В качестве упреждающей меры аудит можно использовать для отслеживания воздействия объекта корневого ключа KDS. Список управления доступом системы (SACL) с успешными считываниями можно поместить в контейнер главных корневых ключей, который позволяет выполнять аудит успешных операций чтения по msKds-RootKeyData атрибуту msKds-ProvRootKey класса. Это действие определяет ландшафт воздействия объекта относительно атаки Golden gMSA.
Примечание.
Аудит помогает обнаруживать только сетевые атаки на данные корневого ключа KDS.
Можно задать ManagedPasswordIntervalInDays параметр в 15 дней или выбрать соответствующее значение при создании gMSA, так как ManagedPasswordIntervalInDays значение становится доступным только для чтения после создания gMSA.
В случае компрометации этот параметр может сократить следующее время наката.
Это приведет к сокращению теоретических значений gMSA для повторного создания между датой восстановленной резервной копии и концом воздействия базы данных или, по крайней мере, длительностью окна риска до тех пор, пока эти gMSA не будут выполняться , если придерживаться сценария 1.
Ниже приведен пример сценария:
После воздействия базы данных вы выполните восстановление в day D.
Восстановленная резервная копия выполняется из D-15.
Примечание.
D-15 означает день, который 15 дней до "День D".
Значение gMSA
ManagedPasswordIntervalInDaysравно 15.GMSAs существуют и имеют свернутый D-1.
Новые gMSAs были созданы из D-10.
Компромисс происходит на D-5, и некоторые gMSAs были созданы на этой дате.
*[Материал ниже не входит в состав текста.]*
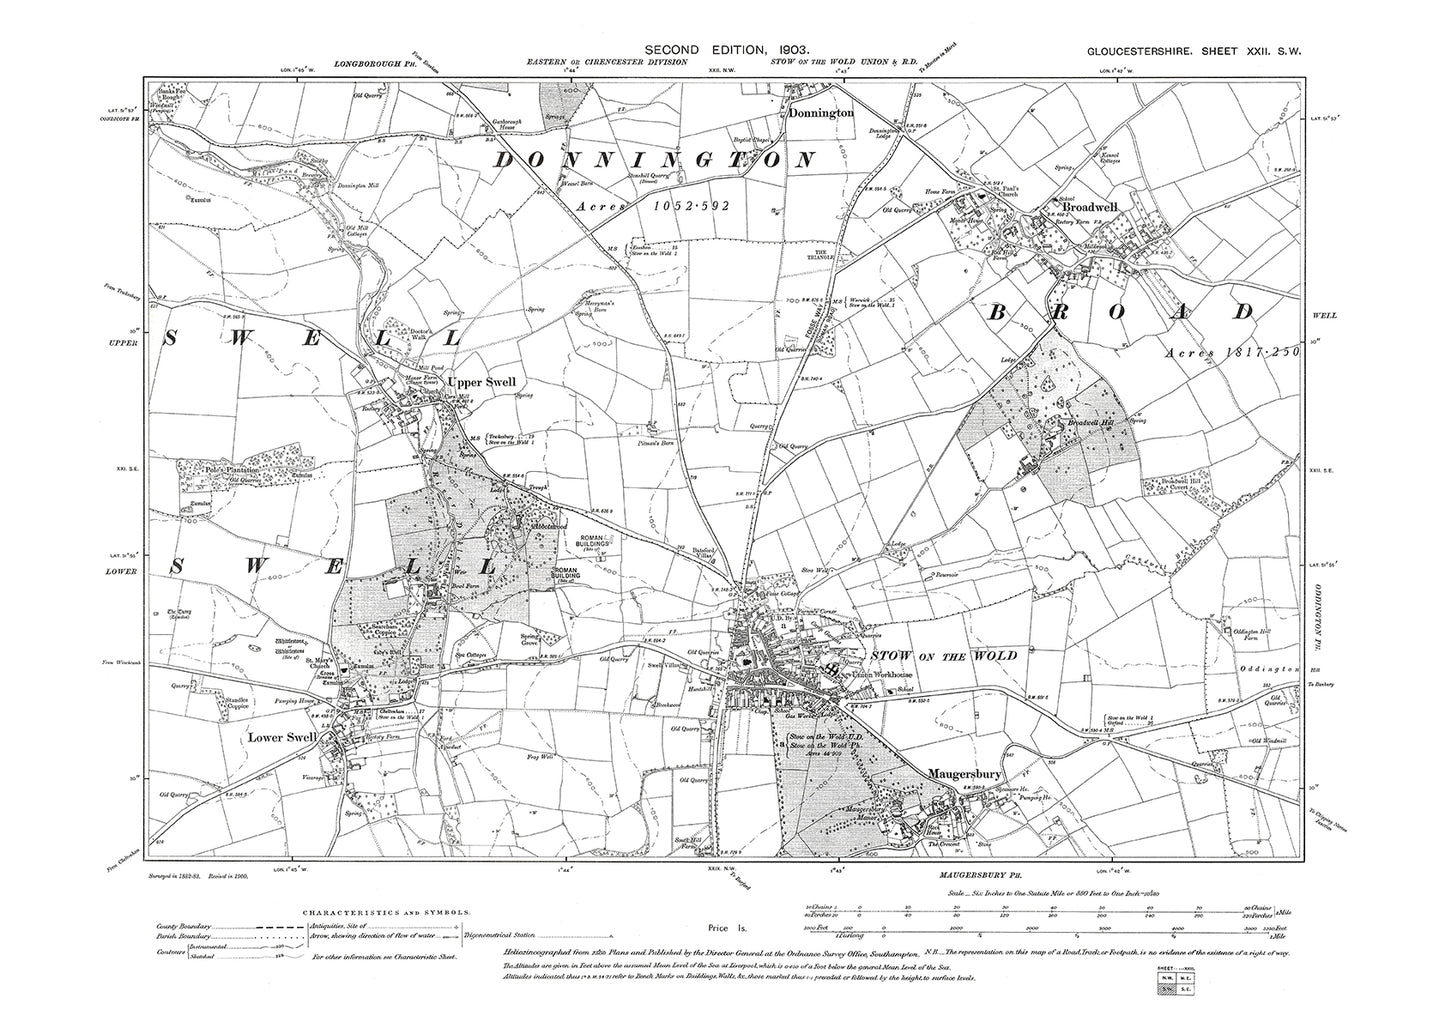 Old OS map dated 1903, showing Donnington (south), Broadwell, Swell, Stow on the Wold, Maugersbury in Gloucestershire - 22SW

Результаты приведены ниже.
GMSAs, созданные между D и D-5, не обеспокоены*.
GMSAs, созданные между D-15 (восстановление резервной копии) и D-5 (компрометация),* необходимо повторно создать или предположить, что окна риска должны быть выполнены, если можно ожидать от D+5 до D+10. Например:
- В D+5 необходимо повторно создать gMSAs, созданные на D-10.
- На D+10 необходимо повторно создать gMSAs, созданные на D-5.
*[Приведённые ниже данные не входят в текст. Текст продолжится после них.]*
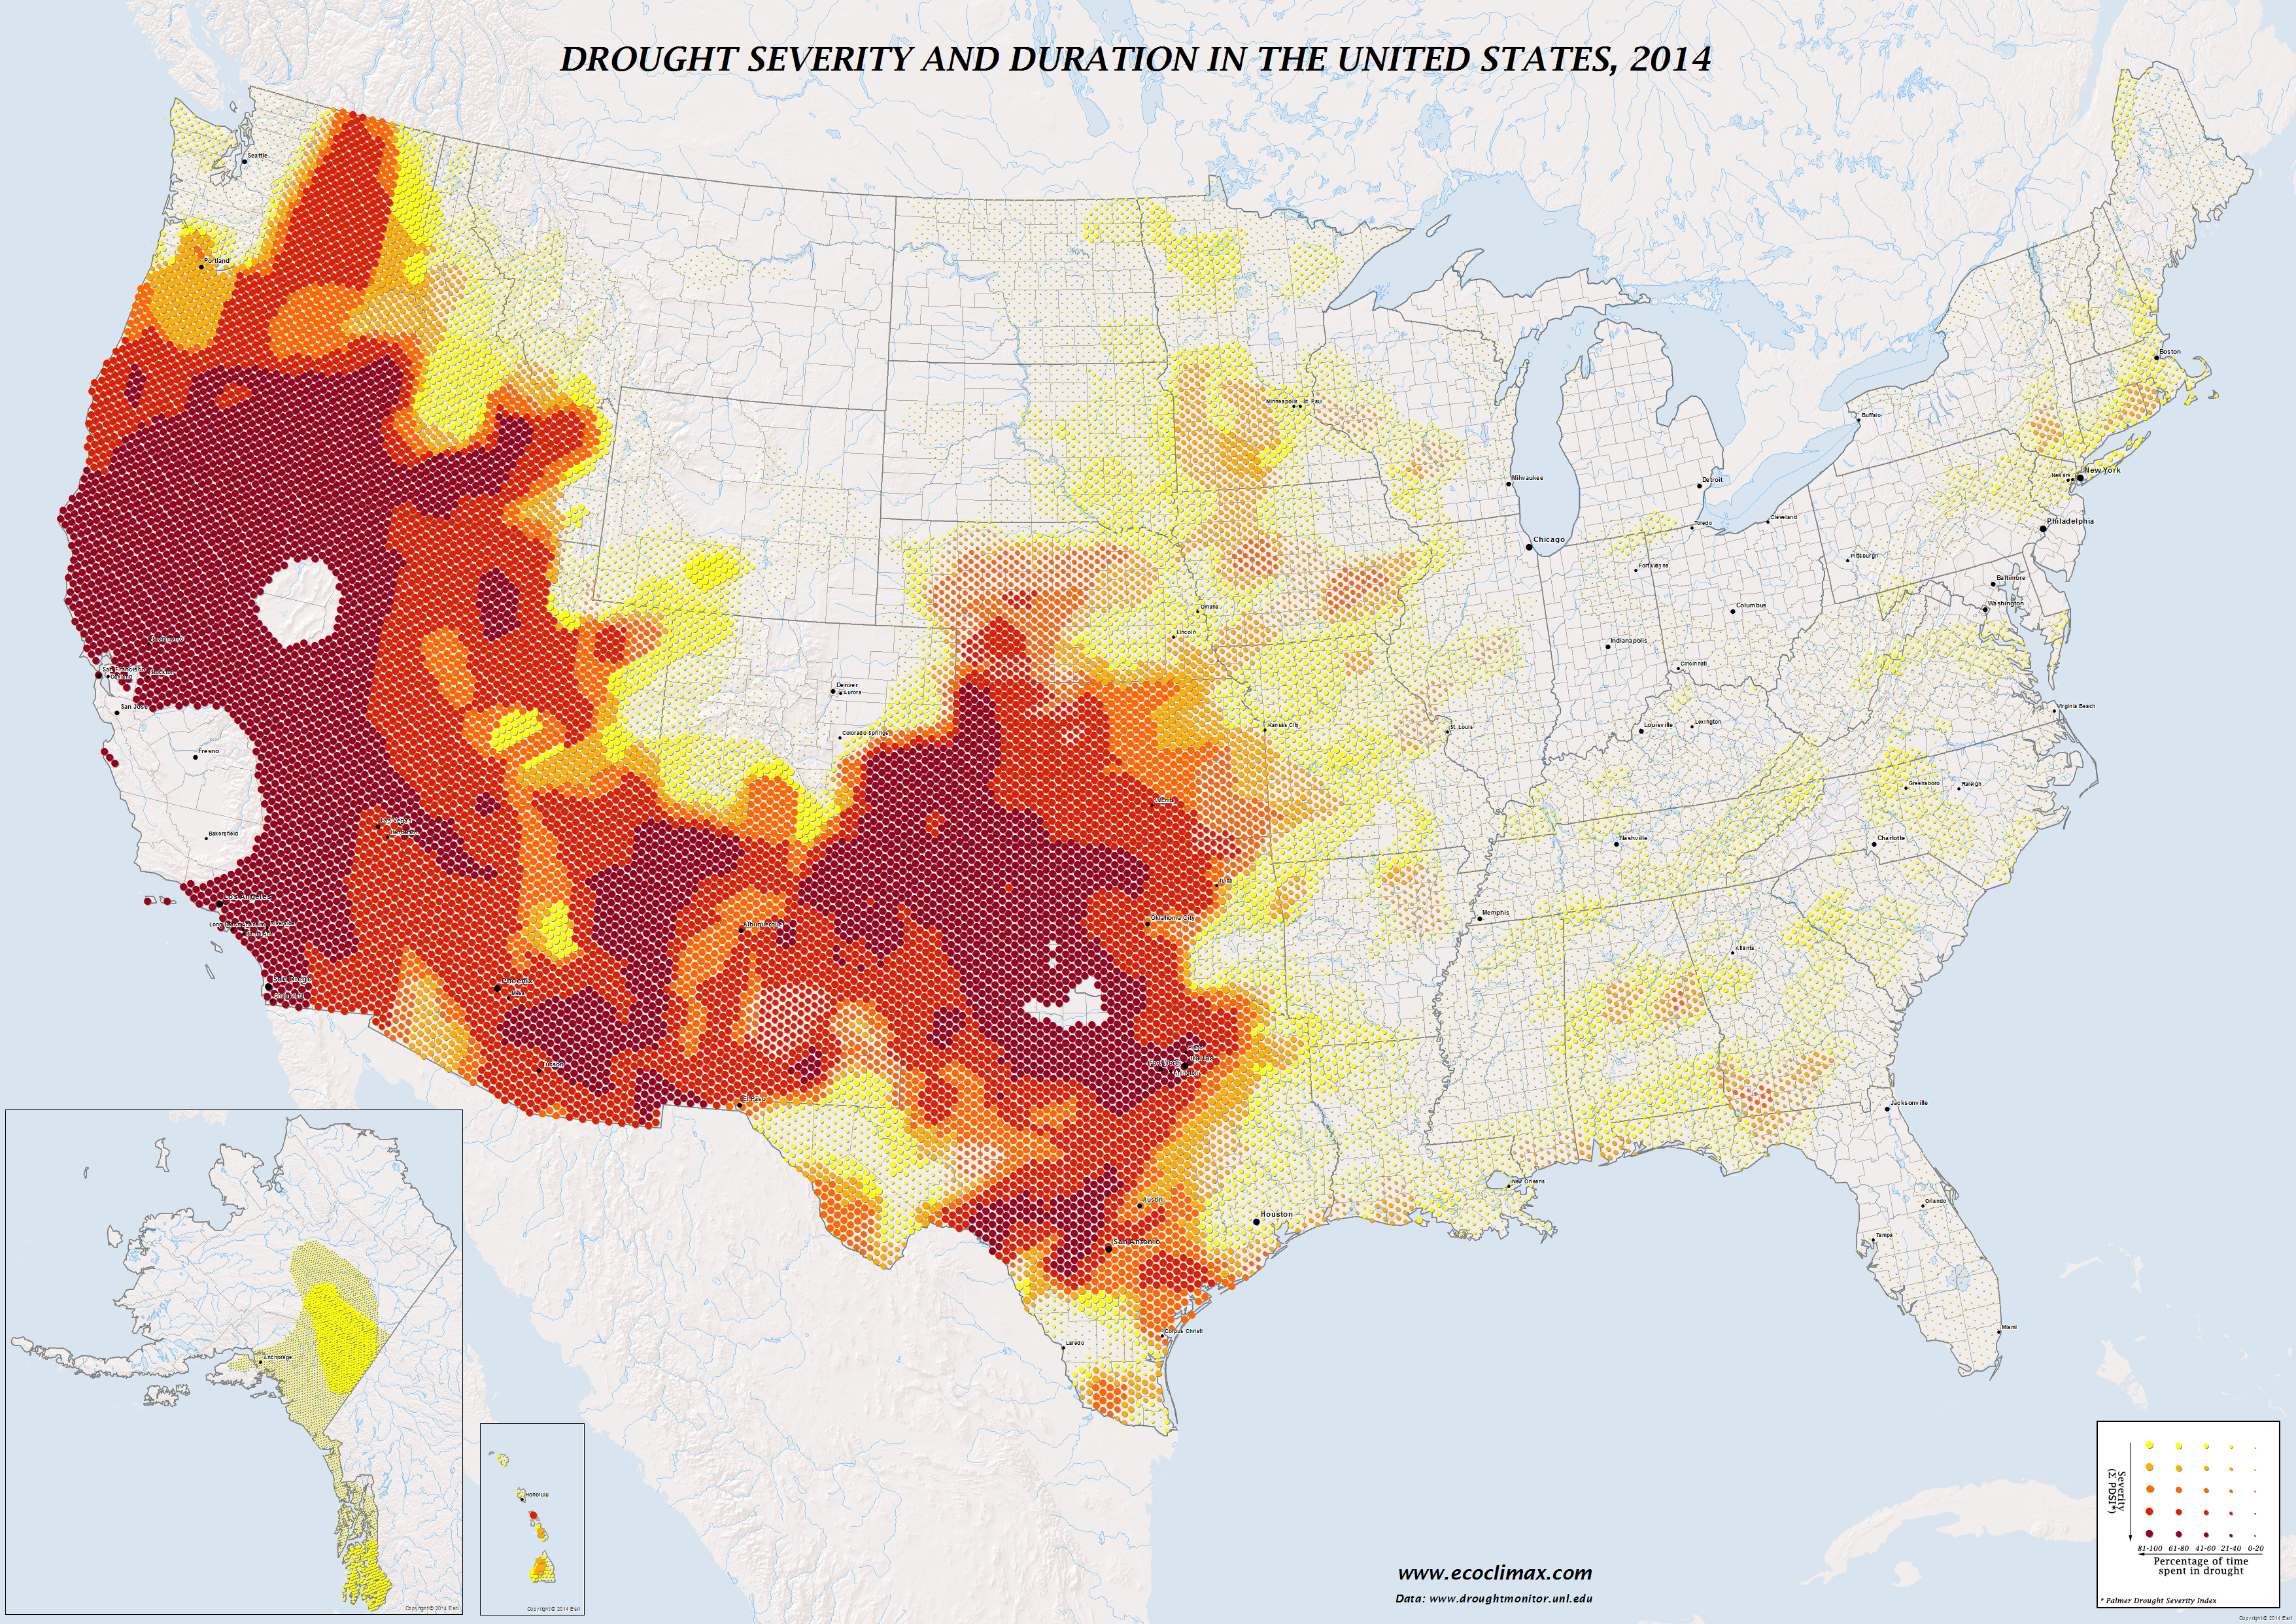 Drought severity & duration in the U.S, 2014

*Зависит от точного времени компрометации или резервного копирования.
Ниже приведен пример временной шкалы:
Для отладки можно просмотреть идентификаторы событий для журнала событий System, Security, Directory Services и Security-Netlogon.
Дополнительные сведения о компрометации см. в статье "Использование ресурсов безопасности Майкрософт и Azure" для восстановления от системного компрометации удостоверений.
Решение
Чтобы устранить эту проблему, используйте один из следующих подходов в зависимости от вашей ситуации. Подходы включают создание нового объекта корневого ключа KDS и перезапуск службы распространения ключей Майкрософт на всех контроллерах домена.
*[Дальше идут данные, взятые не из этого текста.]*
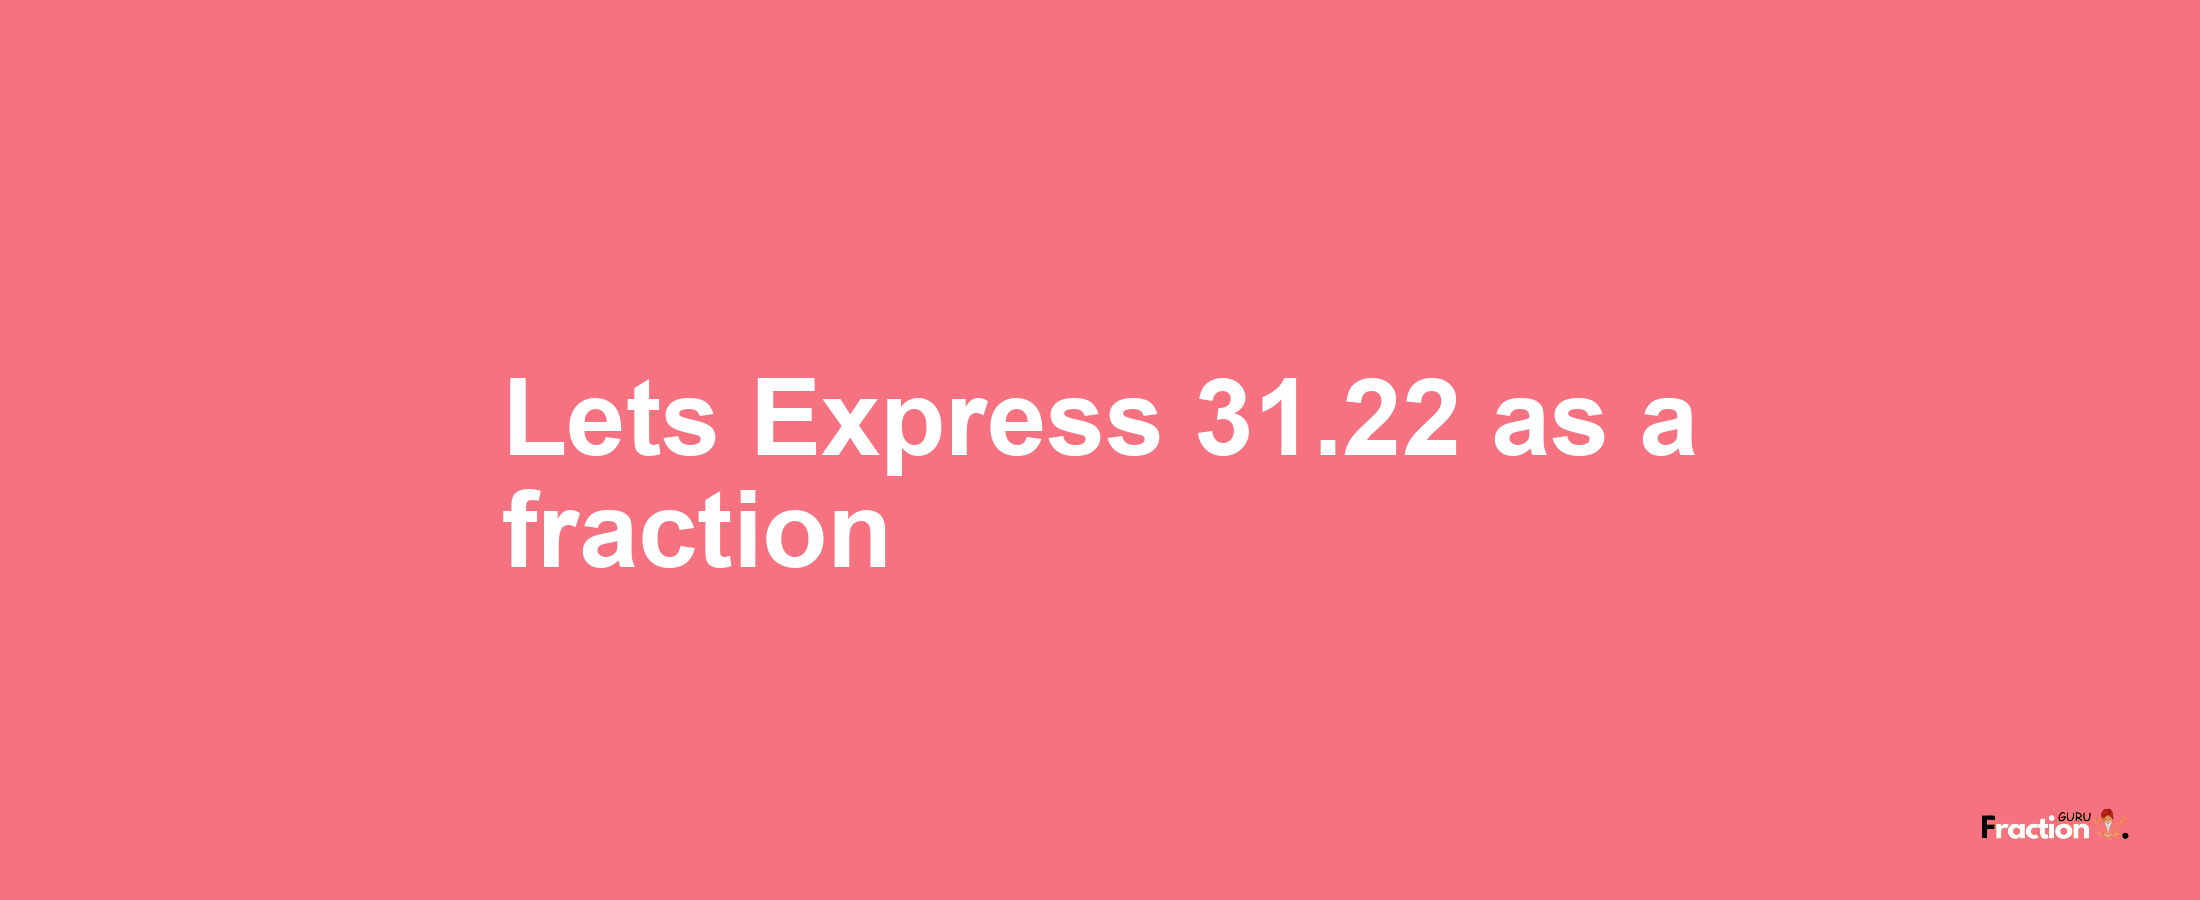 Lets Express 31.22 as afraction

Сценарий 1. У вас есть надежные сведения о том, какая информация была предоставлена и когда
Если вы знаете, что воздействие произошло до определенной даты, и эта дата выше, чем самый старый пароль gMSA, который у вас есть, можно устранить проблему без повторного создания gMSAs, как показано в процедуре ниже.
Подход заключается в создании нового объекта корневого ключа KDS, неизвестного злоумышленнику. Когда gMSAs свернуть пароль, они переместятся на новый объект корневого ключа KDS. Чтобы исправить gMSAs, которые недавно свернули пароль с помощью старого корневого ключа KDS, для принудительного обновления пароля сразу после восстановления требуется авторивное восстановление.
Примечание.
- Вам не нужно вручную восстанавливать объекты GMSAs, созданные после завершения воздействия базы данных домен Active Directory Служб (AD DS). Злоумышленник не знает сведения об этих учетных записях, а пароли для этих учетных записей будут повторно создаваться на основе нового объекта корневого ключа KDS.
- Следует учитывать объект gMSA в режиме обслуживания, пока процедура не будет завершена, и игнорировать возможные ошибки, сообщаемые с учетными записями в журнале событий System, Security, Directory Services и Security-Netlogon.
- В руководстве предполагается, что gMSAs являются дочерними объектами контейнера управляемых учетных записей служб. Если учетные записи перемещены в пользовательские родительские контейнеры, необходимо выполнить действия, связанные с контейнером управляемых учетных записей служб в gMSA в этих контейнерах.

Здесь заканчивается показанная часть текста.